- Motto: "My Hometown & Your Hometown Too."
- Interactive map of Bedias, Texas
- Coordinates: 30°46′45″N 95°56′49″W﻿ / ﻿30.77917°N 95.94694°W
- Country: United States
- State: Texas
- County: Grimes

Area
- • Total: 1.12 sq mi (2.89 km^{2})
- • Land: 1.11 sq mi (2.87 km^{2})
- • Water: 0.012 sq mi (0.03 km^{2})
- Elevation: 318 ft (97 m)

Population (2020)
- • Total: 361
- • Density: 424.6/sq mi (163.94/km^{2})
- Time zone: UTC-6 (Central (CST))
- • Summer (DST): UTC-5 (CDT)
- ZIP Code: 77831
- Area code: 936
- FIPS code: 48-07144
- GNIS feature ID: 2409811
- Website: bedias.com

= Bedias, Texas =

Bedias (/ˈbiːdaɪs/ BEE-dysse) is a city in Grimes County, Texas, United States at the intersection of State Highway 90 and Farm Roads 1696 and 2620, 30 mi northeast of Navasota in northeastern Grimes County. It was incorporated as a city in 2003 and had a population of 361 at the 2020 census.

==Demographics==

Historical population
| Census | Pop. | Note | %± |
| 2010 | 443 |  | — |
| 2020 | 361 |  | −18.5% |
U.S. Decennial Census

===2020 census===

As of the 2020 census, Bedias had a population of 361. The median age was 46.8 years. 21.3% of residents were under the age of 18 and 26.6% of residents were 65 years of age or older. For every 100 females there were 92.0 males, and for every 100 females age 18 and over there were 85.6 males age 18 and over.

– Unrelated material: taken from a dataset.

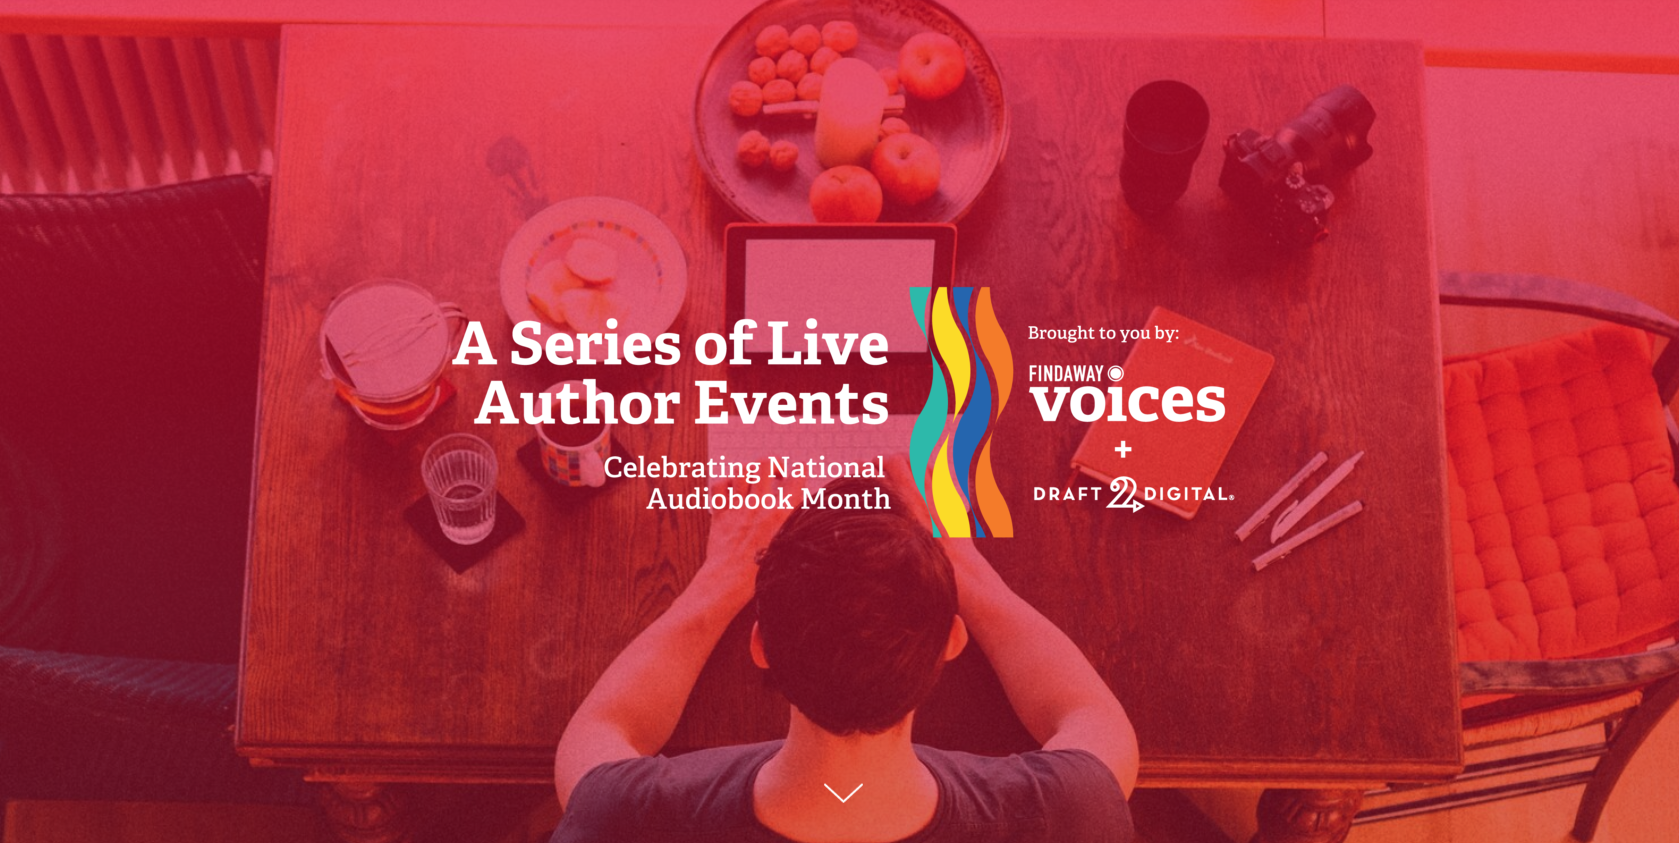 A Series of Live Author Events
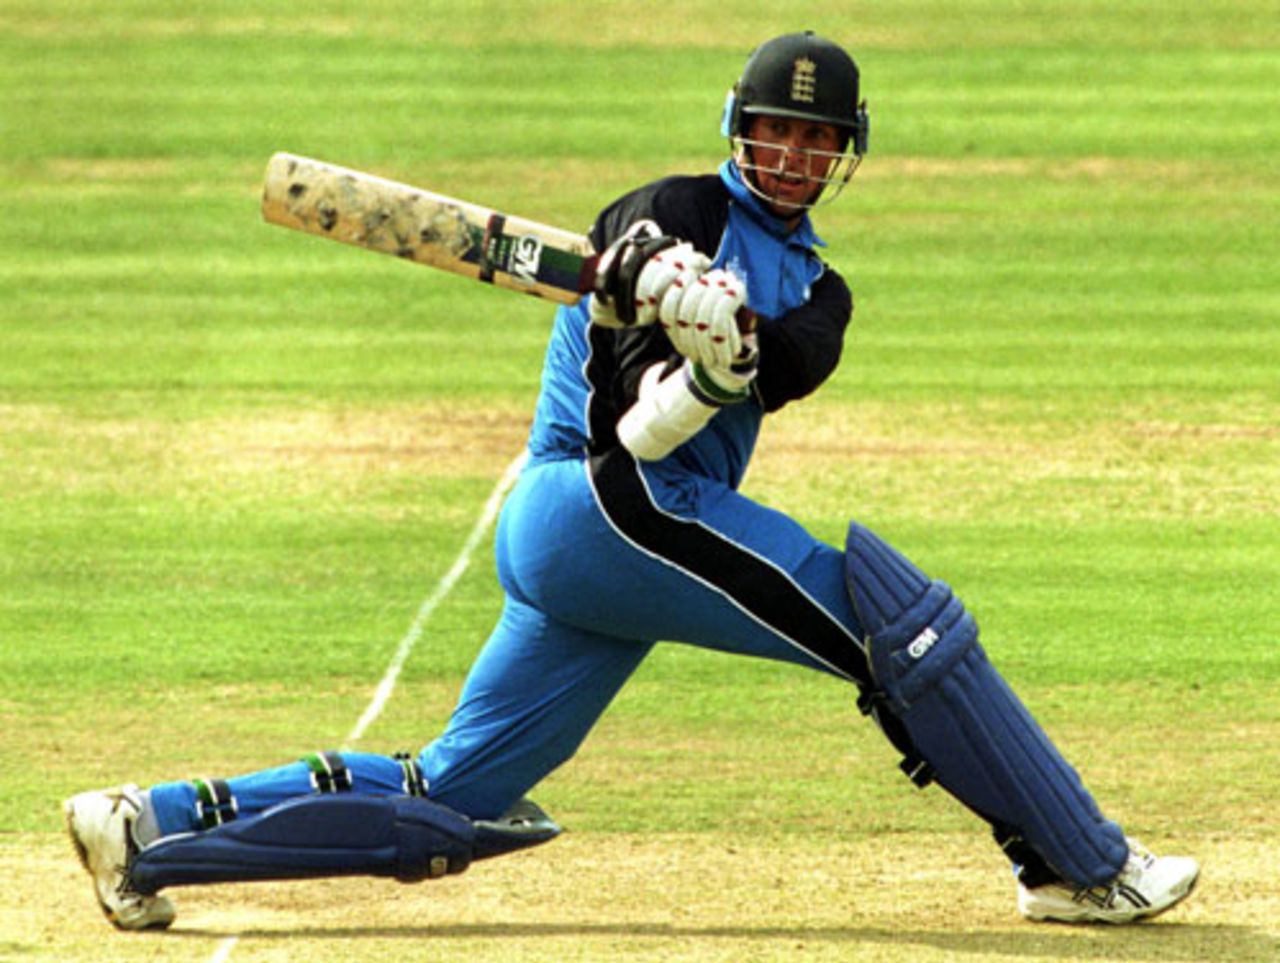 Trescothick lofts a ball over midwicket  on his way to a century, 4th ODI at Lords, June 12, 2001

0% of residents lived in urban areas, while 100.0% lived in rural areas.

There were 144 households in Bedias, of which 23.6% had children under the age of 18 living in them. Of all households, 38.9% were married-couple households, 18.1% were households with a male householder and no spouse or partner present, and 37.5% were households with a female householder and no spouse or partner present. About 27.8% of all households were made up of individuals and 20.1% had someone living alone who was 65 years of age or older.

There were 188 housing units, of which 23.4% were vacant. Among occupied housing units, 90.3% were owner-occupied and 9.7% were renter-occupied. The homeowner vacancy rate was 3.0% and the rental vacancy rate was 22.2%.

Racial composition as of the 2020 census
| Race | Percent |
|---|---|
| White | 64.3% |
| Black or African American | 15.2% |
| American Indian and Alaska Native | 0.8% |
| Asian | 0.3% |
| Native Hawaiian and Other Pacific Islander | 0.3% |
| Some other race | 7.5% |
| Two or more races | 11.6% |
| Hispanic or Latino (of any race) | 17.2% |

==Education==
Bedias and the surrounding area are served by the Madisonville Consolidated Independent School District.

==Climate==
The climate in this area is characterized by hot, humid summers and generally mild to cool winters. According to the Köppen Climate Classification system, Bedias has a humid subtropical climate, abbreviated "Cfa" on climate maps.